February, 2003: We had scheduled one of our twice a year treks from Maryland to Walt Disney World. It was booked to take advantage of the value season rates and we'd still get Valentine's Day at the previous week's prices.
Then while watching the Weather Channel early that Monday morning, the predictions of doom and gloom started happening. The mid-Atlantic region was going to be dumped with two feet, then three feet of snow. I called my boss on Thursday to see what was going on. (The beauty of those cell phones that we'd picked up the month before!) I got an earful about the storm that was going to start the next night.
Our original plans had us driving home Saturday, with an overnight stay along I 95 and we'd get home sometime Sunday to get ready for Ed to go to work Monday morning and me Monday afternoon. Then I'd have the next day off and go back Wednesday night. We kept an eye on the situation.
Friday afternoon, E calls me and tells me the storm is starting. Our mall was not known for closing down for snow, but they had passed out fliers to the merchants with 'snow emergency numbers'. Hmmm, interesting. This is the same mall that hadn't bothered to plow 12" of snow in December and the only way I was able to get into it unscathed is because I knew how far the trees should be from the curbs!
Saturday morning, we're packed and ready to check out (had express checkout, so technically, we were checked out). I call E and she says DO NOT LEAVE, the mall is closed and it is still snowing. I said something about having to be there to close Monday night and was assured that if the mall was going to be open, that she'd cover my shift. Soon after, my district manager calls me and says even if the mall opens, she doubts she would risk any of her staff's safety-just stay in Florida.

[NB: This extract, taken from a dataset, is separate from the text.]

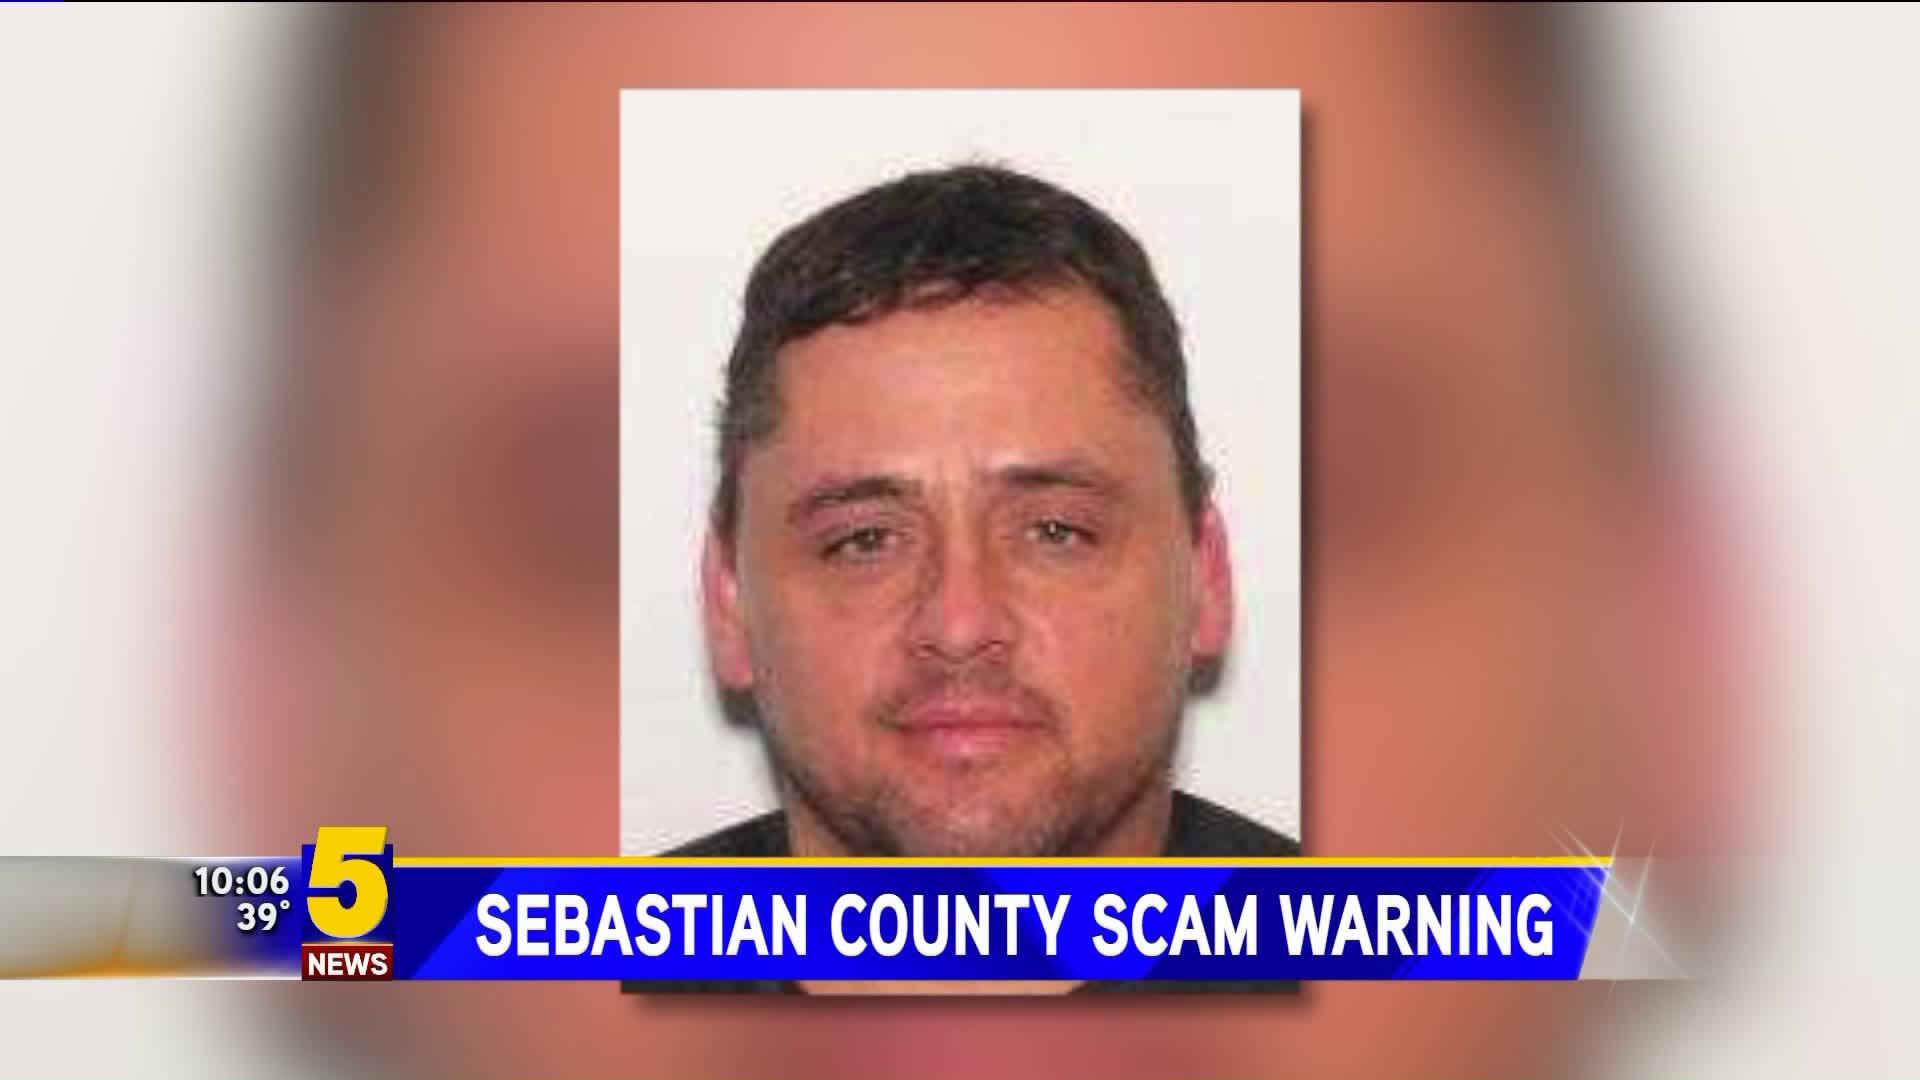 Sebastian County Scam Warning

It bought us an extra three days down here. The first one, we went to the Magic Kingdom and got this picture:
The third day, we drove over to Clermont, Florida. A friend was building a house there and Ed and I figured it was worth a look. Everywhere we went, people would ask "Are you planning on moving here? You'll love it!" The gears started turning.
The drive home the next day was perfect until Richmond. The sides of the interstate had the remnants of snow. Around Dale City, it started looking bad. The Beltway was clear, but you had to be careful to look for the lights of the cars merging in because you couldn't see them over the plowed snow on top of the 36" accumulation. Montgomery County, the ramps weren't even plowed to get you on and off the interstate.
Our county, used to the snow because of the three mountain ranges that passed through it, looked like business as usual. 12 hours after the last flake landed, it was clear sailing-until we pulled onto our block. It was 1am and we had to spend an hour shoveling snow to be able to park the car. We put a yard stick into the snow in the front yard and the end was flush with the top of the snow, making it taller than Chef.
It was then that Ed had convinced me to consider moving to Florida, so we never had to deal with it again. There's a huge sense of relief that I don't have to shovel it, deal with the constant knee and wrist throbbing that results from the combination of cold weather and arthritis, mixed with concern that everyone is safe and warm.
Now, all my friends are up there and dealing with the white crap. You can move away from that stuff, but you still worry about those who haven't.
Stay safe, warm and careful up there, everybody.